All measurements were performed on a ThinkPad laptop with a 64-bit Intel Core i5–4200M (Haswell) CPU running at 2.50 GHz. All measurements were executed sequentially and on a single core. Where applicable we use regression to fit a line to the data and the goodness-of-fit is quantified by the \(r^2\) parameter.

Results

Usually when analyzing the runtime of a randomized algorithm we are interested in the expected runtime: the mean computed over the random bits. We do this by factoring the same number multiple times using a different PRNG-seed for the solver and average the runtime to compute the expected runtime numerically. We are interested in the asymptotics: the growth of the runtime as a function of the size of its input, so we group the semi-primes by their bitlength n (100 semi-primes per bitlength) and plot the mean runtime of solving five times. The results are given in Fig. 1a and are showing an exponential trend. The green line is fitted against the median runtime of all semi-primes of the same bitlength.

We repeated the same experiment for multiplication with the Karatsuba algorithm. The results are given in Fig. 1b: note that asymptotic runtime has improved somewhat over schoolbook multiplication at the cost of a larger constant. We conclude that changing the multiplication algorithm does not make factoring with SAT solvers efficient. Since the larger constant dominates the runtime at this small scale, we will consider schoolbook multiplication for the remainder of our experiments.

An alternative strategy for factoring is to run several solvers in parallel and wait for the first one to return a solution. We simulate this strategy by taking the minimum solver time of solving the same instance with the solver initialized with 100 different random seeds for 100 semi-primes per bitlength: the results are given in Fig. 2. Asymptotically the runtime became worse by employing this strategy. Note that this strategy does push down the constant by approximately \(2^{6.1}\). Since this is smaller than 100 it does not lead to a lower expected runtime on this small scale when we consider the total runtime of all parallel solvers.
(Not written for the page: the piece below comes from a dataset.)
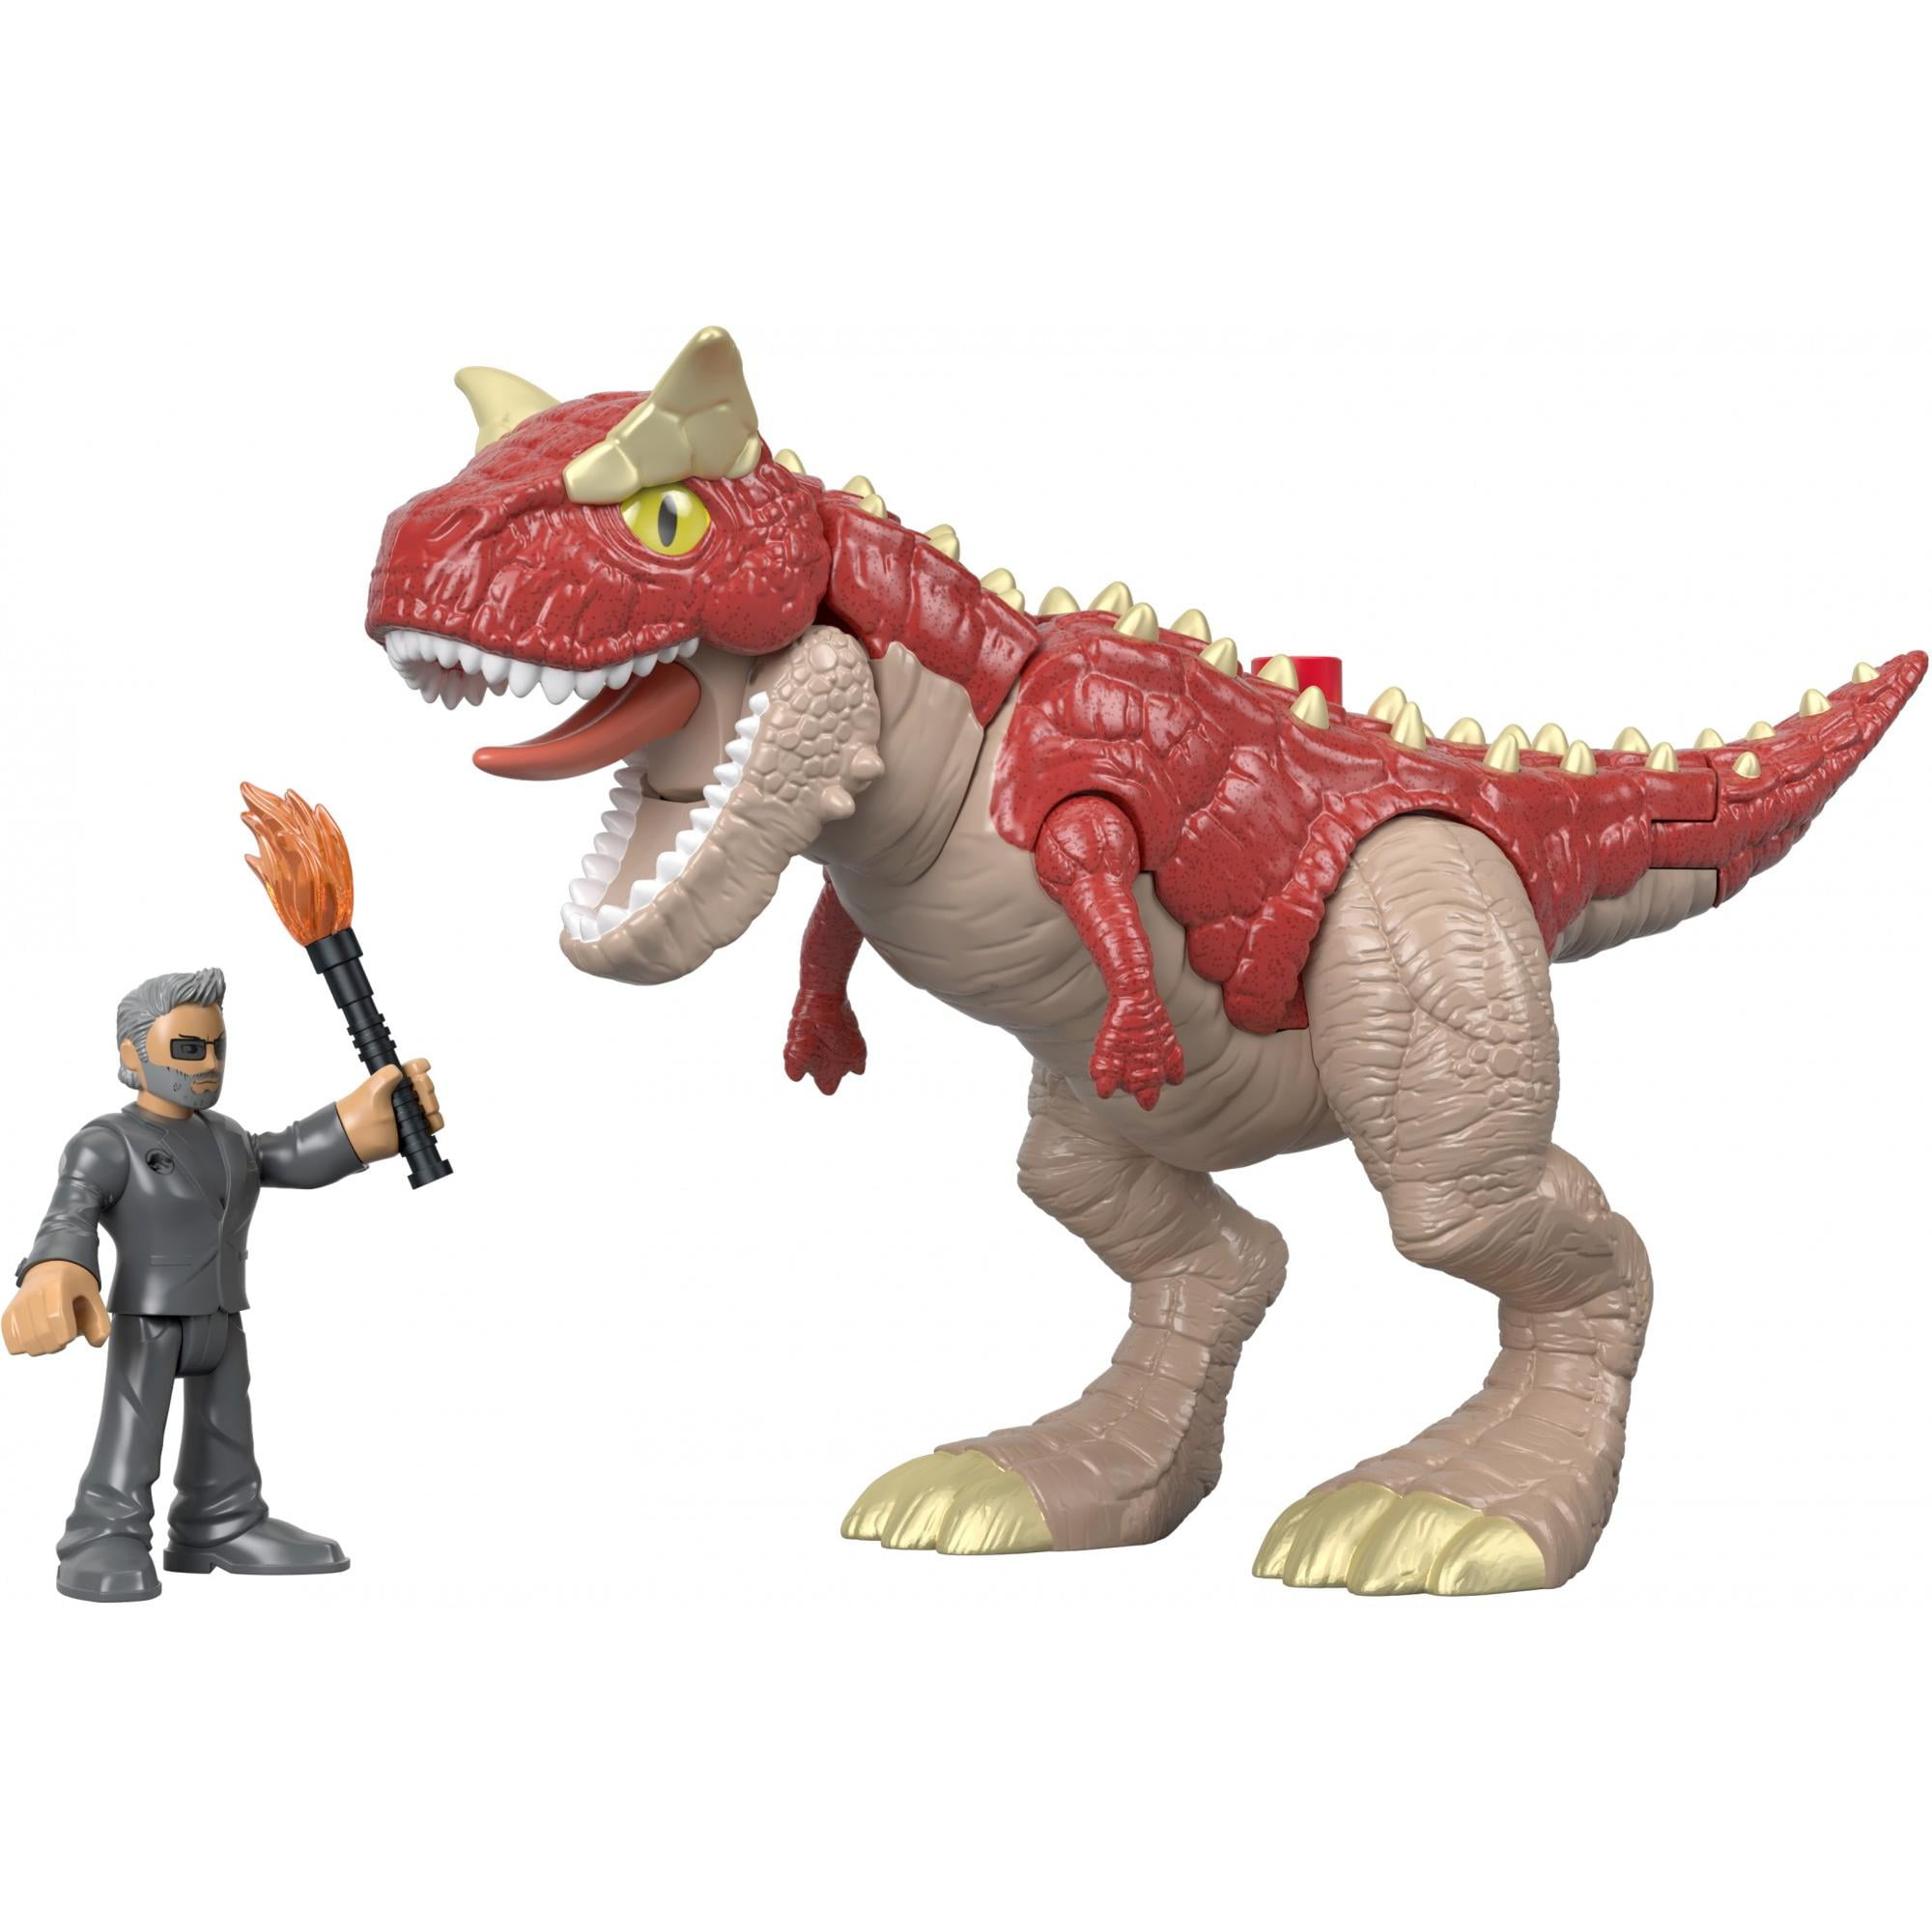 Imaginext Jurassic World Sub Dino Catcher Action Figure Playset for sale online

We can also see in Fig. 2 that some semi-primes are significantly easier to solve than others with this strategy. Even if we only manage to factor some semi-primes that may be important to (for example) cryptography. For this method to be asymptotically efficient, it is required that the runtime is pushed down exponentially for more than just negligibly many cases. To see if it does we can inspect the distribution of the solver runtime given different seeds. Here we focus on three different semi-primes: the easiest, average and hardest semi-prime from the 100 semi-primes of 35 bits, where hardness is defined by the expected (mean) solve time computed over 360 seeds. The distribution for all other semi-primes can be generated at¹³.

Although no strong conclusions should be drawn from the results in Fig. 3a, the distribution does suggest that running a few parallel solvers may lower the total runtime. To see if it may be considered efficient we again inspect the distribution but this time on a logarithmic scale: see Fig. 3b.
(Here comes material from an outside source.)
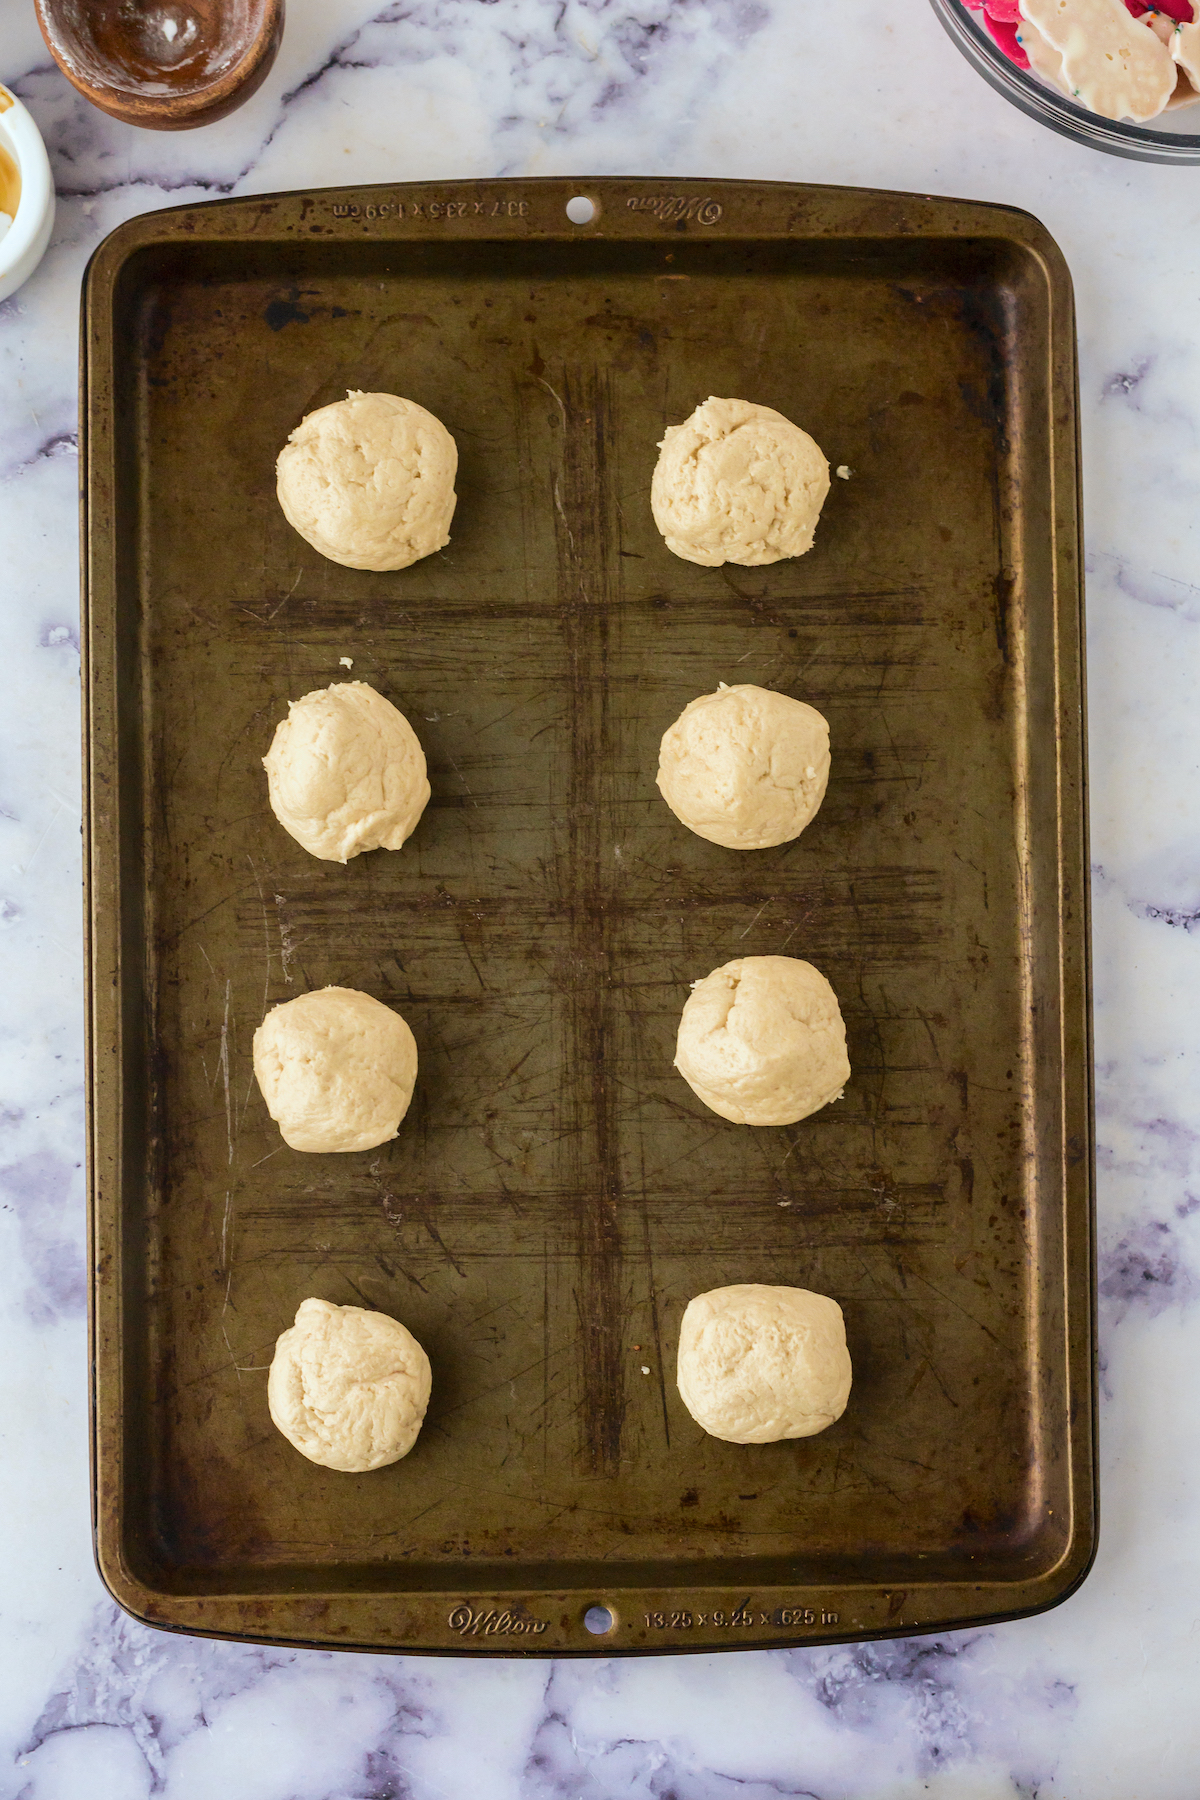 sugar cookie dough placed on the baking sheet

This data suggests that even if the method could push down the runtime significantly for any semi-prime, it only does so with negligible probability. Another way of interpreting this data is that employing parallel SAT solvers to factor a semi-prime does not appear to be better than employing a single solver.

The last strategy we investigate is that of encoding multiple semi-primes into a single instance: for example an adversary may interested into breaking just one out of many cryptographic keys. We encoded 100 semi-primes per bitlength in each instance and solved it 100 times using different seeds. The results are given in Fig. 4. Note that whereas the vertical boxplots in previous plots show a distribution over different primes, here a distribution over different solver PRNG-seeds is shown. From the data we conclude that this strategy is less efficient than solving instances with a single semi-prime. From inspection of the solver solution we can see which semi-prime was factored (see¹³). This reveals that some semi-primes in the same instance are factored more often than others, suggesting that these are easier to factor by the solver, although we note that these are not “easy enough” to make the overall method efficient. The supplementary information contains further analysis of patterns in the SAT instances, but finds no pattern that can be exploited for significantly faster solver times.

Comparison to number-theoretical methods

One can put the above results in context by comparing the absolute runtime to that of other number-theoretical results. Using SageMath²⁸ we measured the runtime of two approaches: factoring with the built-in factor function (Fig. 5a) and factoring by trial division (Fig. 5b).

SageMath is able to factor almost all semi-primes up to a 100 bits in under 0.025 s. The tested semi-primes are so small that the asymptotic behavior of the underlying algorithm is not even visible yet, so there is no point in extrapolating these results. In fact the cross-over point where the NFS is faster than asymptotically slower methods such as the quadratic sieve and the elliptic-curve method is much larger than 100 bits, so that SageMath is not even using NFS to factor these small numbers. Instead, we refer to the literature to find that the best classical factoring algorithm (the general number field sieve²⁹) runs in \(\exp \big ( ((64/9)^{1/3} + o(1)) (\ln N)^{1/3} (\ln N)^{2/3} \big ) = L_N[2/3, {(64/9)}^{1/3}]\) and this was indeed used to factor a 829-bit RSA modulus in approximately 2700 core-years¹⁰.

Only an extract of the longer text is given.